As long-time readers of this blog will know, I’m actually quite skeptical about judicial supremacy, and I think that Baude is right that Marbury did not assert judicial supremacy. The problem with Baude’s argument is that Marbury was about co-ordinate and equal branches, but where interpretation of the federal Constitution is concerned, the United States Supreme Court and the Alabama Supreme Court are not equal. Article VI makes the laws of the United States as well as the Constitution binding, and decisions of the United States Supreme Court–which are certainly law–are no more and no less binding on the state of Alabama than statutes passed by Congress. The problem with Cooper v. Aaron, in my view, is that it went further than it needed to. Upholding Brown did not require an assertion of judicial supremacy, but rather merely required noting the far more banal fact that states are bound by federal law, and the state of Arkansas cannot nullify United States Supreme Court decisions any more than they can nullify acts of Congress.

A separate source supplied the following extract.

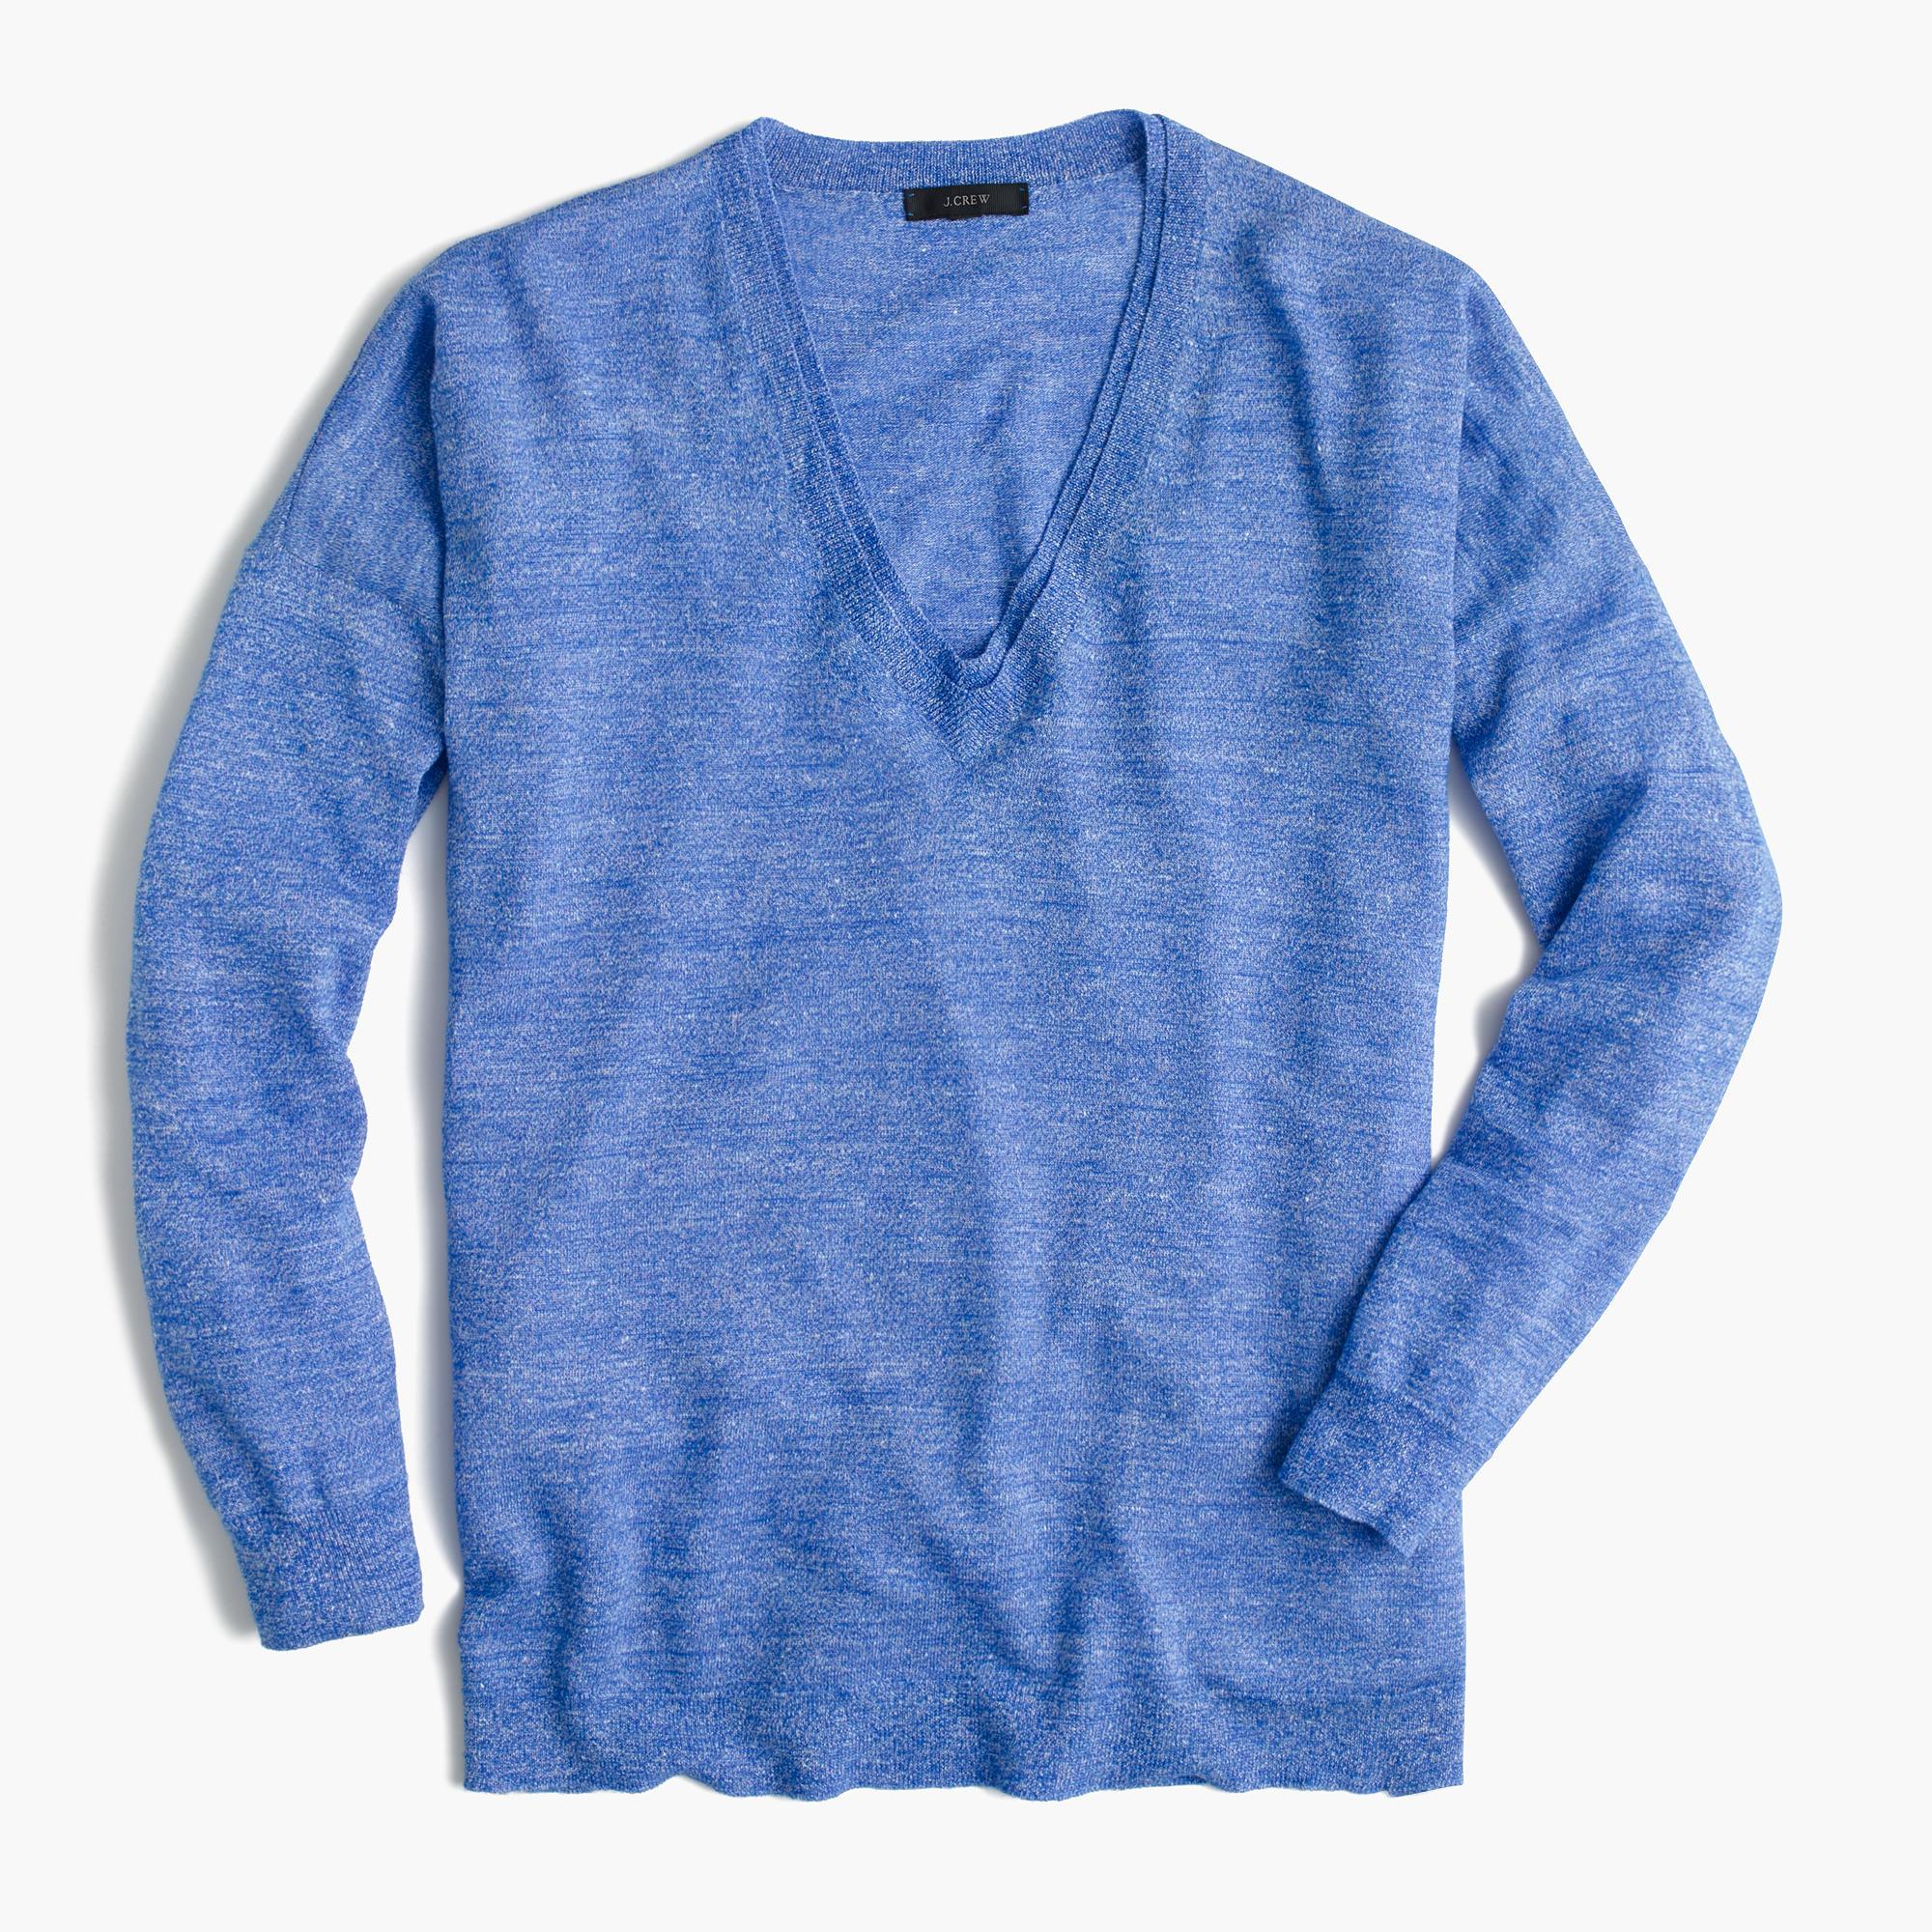 Gallery. Women s Vince Cashmere Women s Cold Shoulder Sweaters ... 2d88df6da4

It should be noted as well that Baude’s Calhounite analysis would be completely unworkable in practice. This logic, if applied seriously, would allow states to nullify all federal law–just as Parker can claim that he’s not bound by Roper because it is an erroneous interpretation of the Constitution, the state of Alabama could say it’s not bound by a federal statute because it is beyond the legitimate enumerated powers of Congress and hence does not represent a valid “law” under the Supremacy Clause. (Congress’ constitutional interpretations, under this theory, certainly cannot be more binding than judicial interpretations.) Allowing states to selectively nullify federal law has been generally abandoned for good reason, and Baude’s legal theory was thankfully and permanently buried by the Civil War. Oliver Wendell Holmes once wrote that “I do not think the United States would come to an end if we lost our power to declare an act of Congress void. I do think the union would be imperiled if we could not make that declaration as to the laws of the several states.” He was right. Somebody has to be able to provide authoritative resolutions to conflicts arising from competing legal interpretations between different levels of government, and the Constitution logically locates the resolution of disputes about federal law in federal institutions.